We also think that if a more definite statement of the terms of the contract, whether express or implied, were deemed by defendant to be desirable or proper, its remedy was by a motion to require the petition made more definite and certain. It was so decided in Smith v. Bradstreet Co.,63 S.C. 525, 532; 41 S.E., 763, 765, where it is said that:

"It was in the power of the defendant, if the allegations of fact were subject to the objection of want of definiteness and certainty, to have the plaintiff make them more definite and certain by motion and not by demurrer."

Under this viewpoint of respondent's situation, the further principle, as declared by Mr. Justice Gary in Cartin v. SouthBound R. Co., 43 S.C. 221, 224; 20 S.E., 979, 980; 49 Am. St. Rep., 829, becomes applicable:

"If the defendant waived said objections by failing to make such motions, then the plaintiff had the right to the relief to which all the allegations showed he was entitled."

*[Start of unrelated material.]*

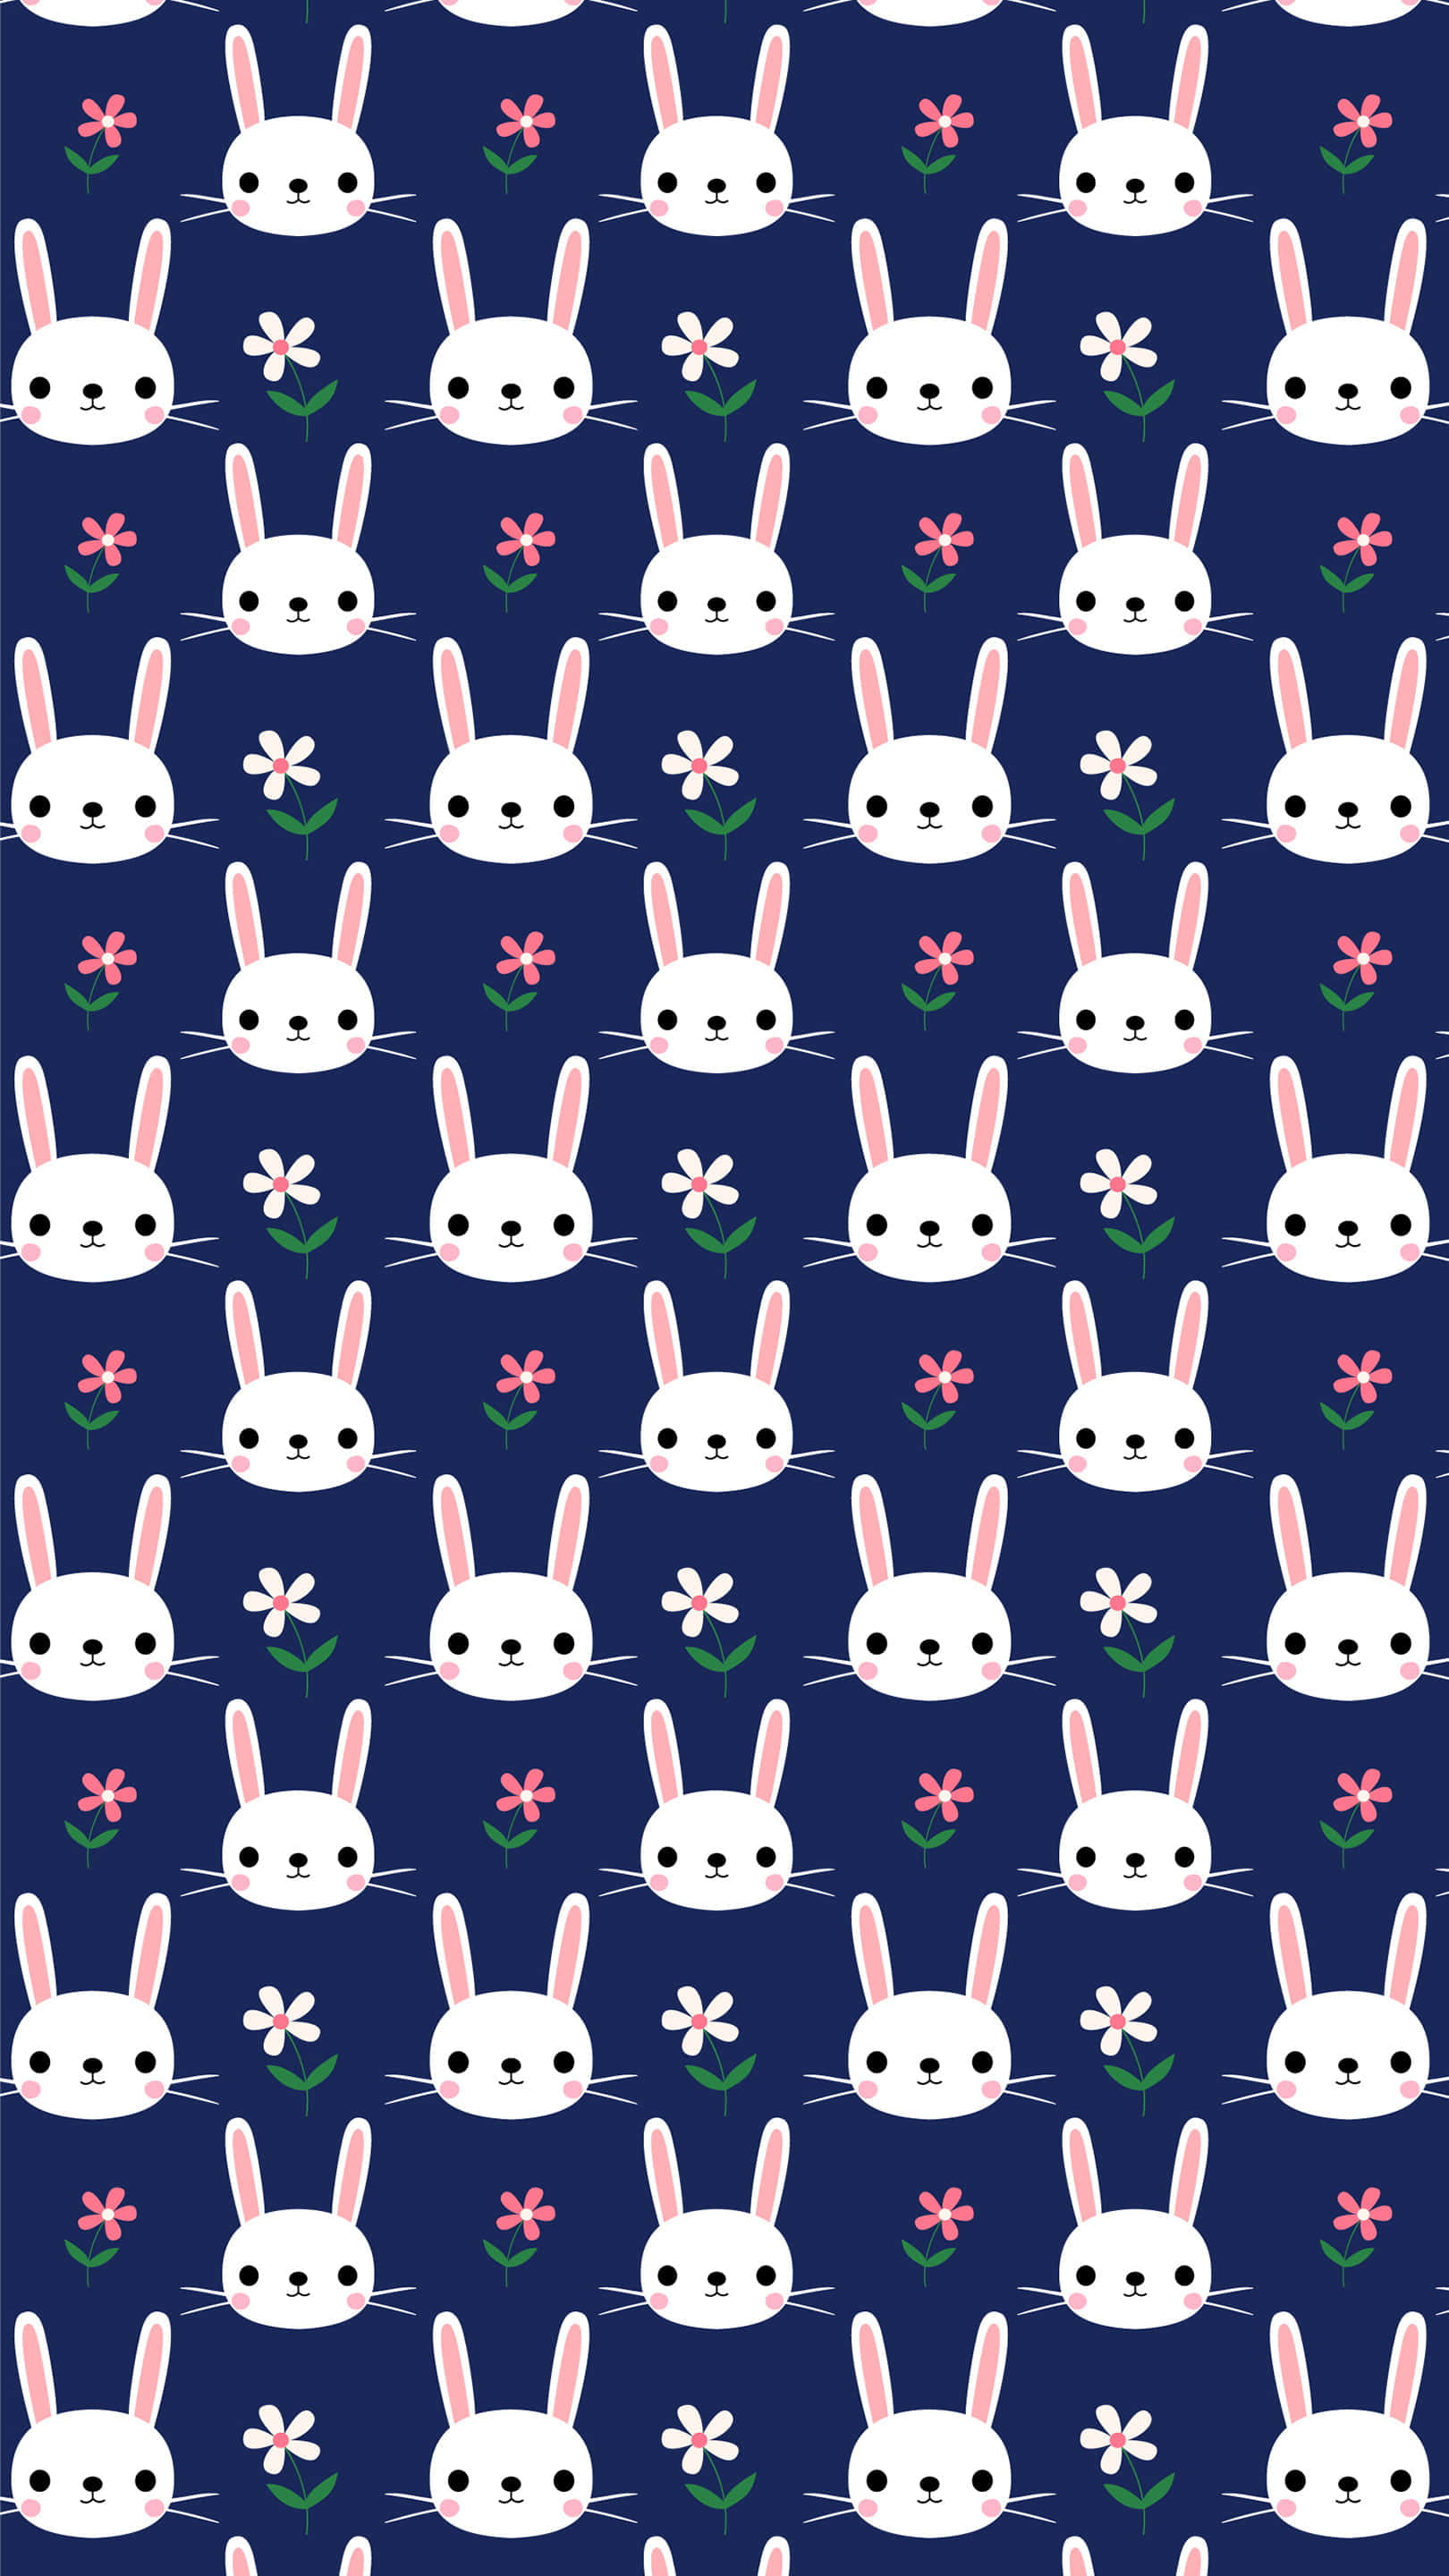 Bring a smile to someone's day with this Kawaii Bunny wallpaper!" Wallpaper

The last group of exceptions, which bring up the question whether the Circuit Judge was in error in refusing to allow amendment of the proceedings, must also be sustained. This conclusion is the necessary sequence of the views that we have already expressed. Leave to amend appears to have been refused because of the holding that the proceedings were fatally defective and that claimant's time for filing the lien had expired before the motion was made. This position has been found untenable, as the statement filed with the clerk was substantially in compliance with the statutory requirements. The situation under this exception therefore presents a close parallel to the case of Waringv. Miller Batting Manuf'g Co., 36 S.C. 310, 321; 15 S.E., 132, 134, where Mr. Chief Justice McIver expressed the attitude of this Court in favor of the liberal exercise *86 of the power of allowing amendments in proceedings of this character as follows:

"A party may in his pleading, through ignorance or inadvertence, misstate or state insufficiently a fact material to his case, and one of the main objects of the provision in respect to amendments in to enable him to rectify such errors or omissions. The amendment asked for would not effect any change whatever in the nature of the petitioner's claim, but was intended simply to supplement a defective statement of the facts upon which the remedy he sought to enforce his claim was based, and it should have been allowed."

The order dismissing the petition is reversed and set aside, and the case is remanded to the Circuit Court for such further proceedings as may be consistent with the views herein announced, with the privilege to the petitioner to amend his petition, if he desire to do so, within such reasonable time as the Circuit Court may direct.

MR. CHIEF JUSTICE WATTS and MESSRS. JUSTICES COTHRAN, STABLER and CARTER concur.

MR. JUSTICE BLEASE did not participate.